RTS Labs (4.1/5) scores higher overall, but "better" depends on your use case. RTS Labs is better for enterprises stuck at the AI pilot stage that need advisory to reach measurable production ROI. Intuz is better for buyers wanting a documented count of live production agent deployments backing the advisory.
How do RTS Labs and Intuz differ in pricing?
RTS Labs uses fixed project, retainer pricing with a minimum engagement of $25K. Intuz uses dedicated team, fixed project pricing with a minimum engagement of $20K. Neither firm publishes a full rate card; a discovery call is required for project-specific quotes.
Which is better for enterprise: RTS Labs or Intuz?
Intuz is the larger team and typically the better enterprise-scale choice. For very large programmes, verify team size and compliance coverage directly with each consultancy before shortlisting.

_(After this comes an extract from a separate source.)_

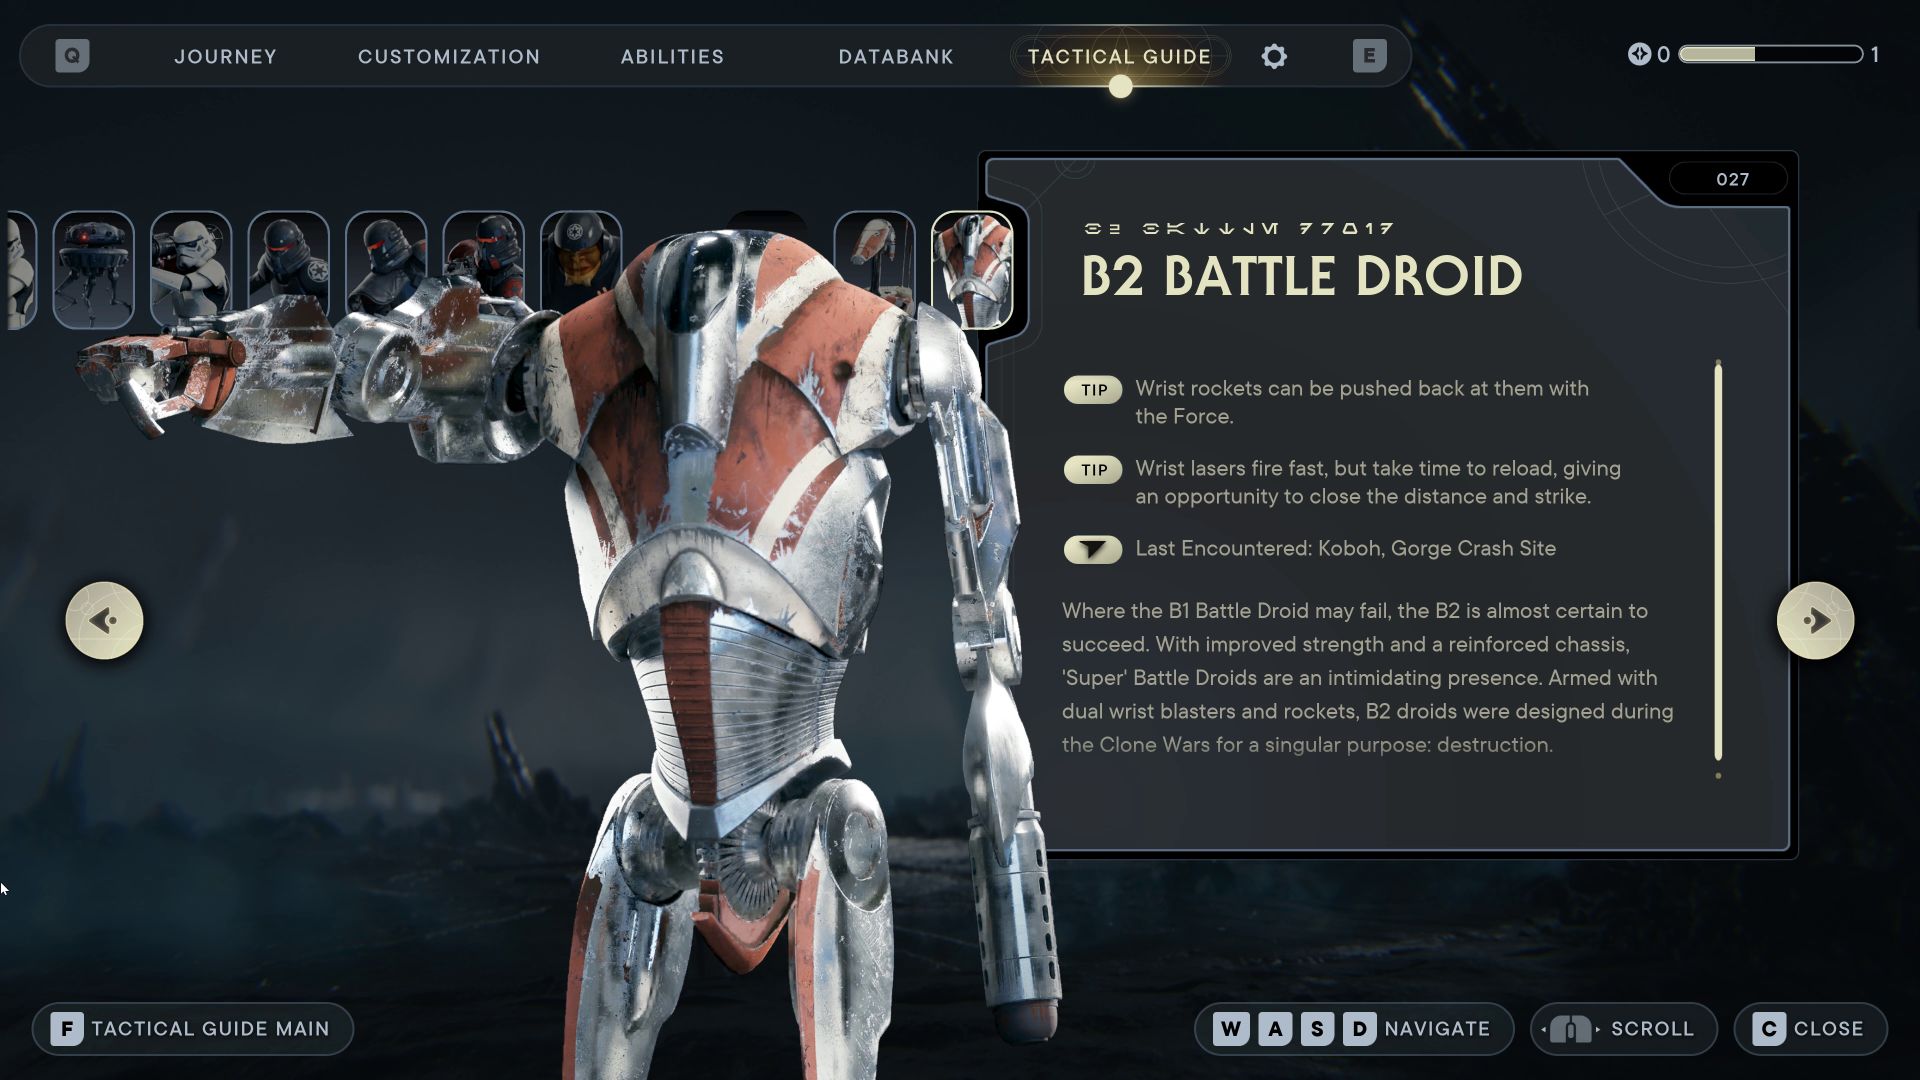 B2 Battle Droid (027) Star Wars Jedi Survivor Tactical Guide Update - Star Wars Jedi Survivor

What are the main differences between RTS Labs and Intuz?
RTS Labs's primary differentiator is: explicit pilot-to-production advisory focus with named architecture/guardrails methodology. Intuz's primary differentiator is: reports 100+ enterprise agent deployments already in production across three named framework stacks. They also differ in team size (51-100 vs 51-200), minimum engagement ($25K vs $20K), and primary industries served (Manufacturing, Healthcare vs Healthcare, E-commerce).